Sunday, May 21, 2006

It's Payback Time

It's time for buyers to start playing hardball again. It's payback time. Drive those prices down; you buyers have the power now, exploit it.
Talk of the end of the real estate boom is on everyone's lips along with advice that buyers should start playing hardball again. That means more than making a low offer in a declining market.

Experts are telling home buyers they can and should ask sellers for extras, such as a year of mortgage payments or picking up all closing costs. And Realtors, who saw their ranks swell with rookies during the last few years, may also be willing to take a much smaller cut of the deal.

But not so fast, says Rhonda Duffy of Duffy Realty in Atlanta, a flat-fee brokerage. She takes a contrarian view on how home buyers should handle what could be a pause or a serious housing downturn.

While some overheated residential markets -- Southern California, Florida -- may see prices drop significantly, elsewhere homes are simply sitting on the market longer. Even in Atlanta, where home prices haven't swelled as much and so a bursting bubble is less likely, there are still four homes on the market for every one buyer. So instead of it taking a weekend to sell, now it takes a month, or two or six.
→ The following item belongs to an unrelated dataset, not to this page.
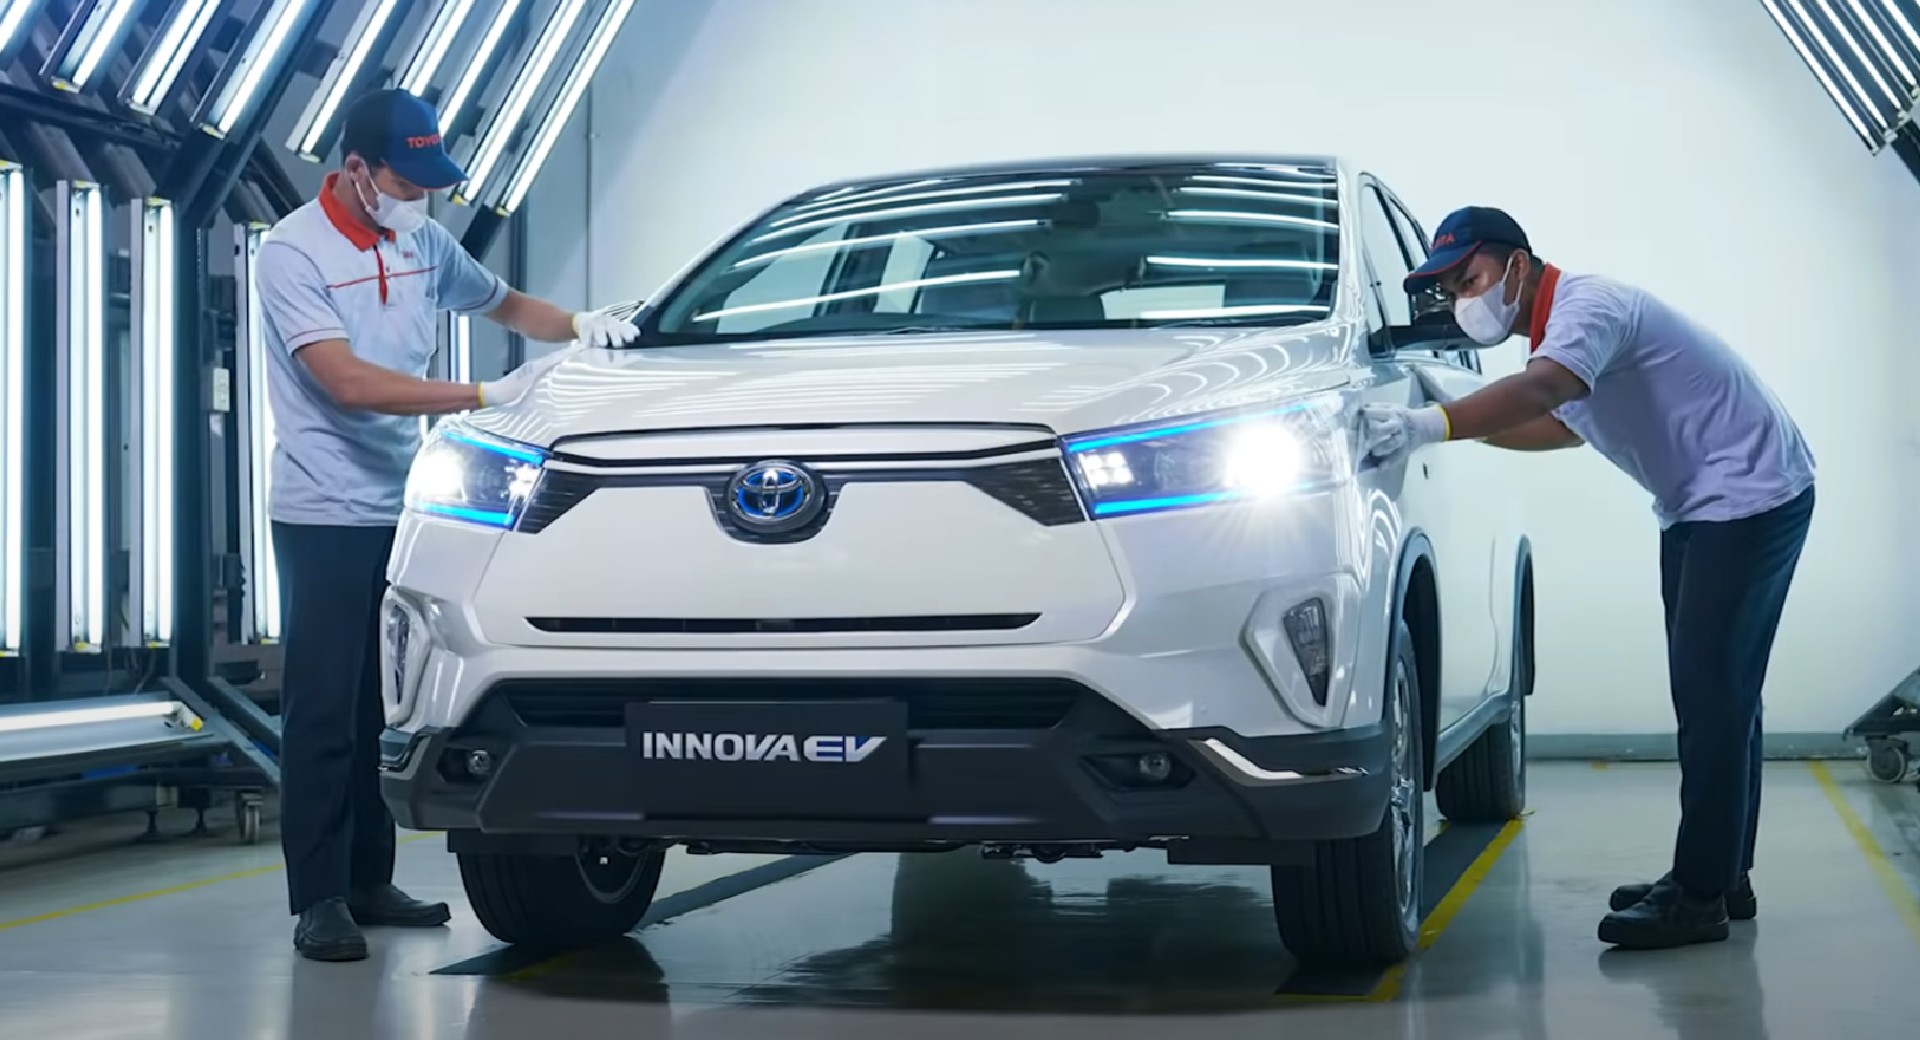 Thêm thông tin về Toyota Innova EV: Cơ hội đi vào sản xuất hàng loạt còn bỏ ngỏ - Ảnh 1.

That's partly due to the Internet, which allows prospective buyers to look at hundreds of listings online and view maps of sales and estimated values in a neighborhood, according to Duffy, who says the glut of information has slowed the process down.

Instead of muddying up the contract with requests for extras, she counsels, buyers would do well to focus on the bottom line. Too many caveats can frustrate a seller, for whom the deal is as much an emotional decision as it is a rational business transaction. That's the opposite of what some others are saying, she admits.

And don't expect your lowball offer to be snapped up by anxious sellers. People are already gearing up for longer waits on the market. In fact, says Duffy, agents will do much of the hard work for you in bargaining the price down. In a flat market, they're more anxious to get the commission on a sale than to get a high price.


Blogger Athena said...

Did you see Matt Lauer bagging on the 50 yr mortgage this morning? I wonder if this is just the beginning of the media criticism for this product? Granted it was a soft piece, but the point was still made.

May 22, 2006, 9:01:00 AM  
Blogger peterbob said...

I don't agree with much of what Rhonda said, but she's right about focusin on the "bottom line." Seems to me that it's silly to talk about any concession other than a lower price. I don't want closing costs paid, or one year of mortgage paid, or a car. I want a lower price. (and I'm not gonna buy until I find it!)

May 22, 2006, 9:16:00 AM  
Blogger Marinite said...

peterbob -

Exactly. The amount you save year after year on saved property tax far, far outweighs those short-term concessions.

Buyers - go for the bottom line. Accept nothing else but a reduction in the selling price.

May 22, 2006, 10:29:00 AM  
Blogger moonvalley said...

The 50 year that's what the guys on KSVYs' RE show this afternoon were touting. That what we need, a 50 year mortage and a fountain of youth.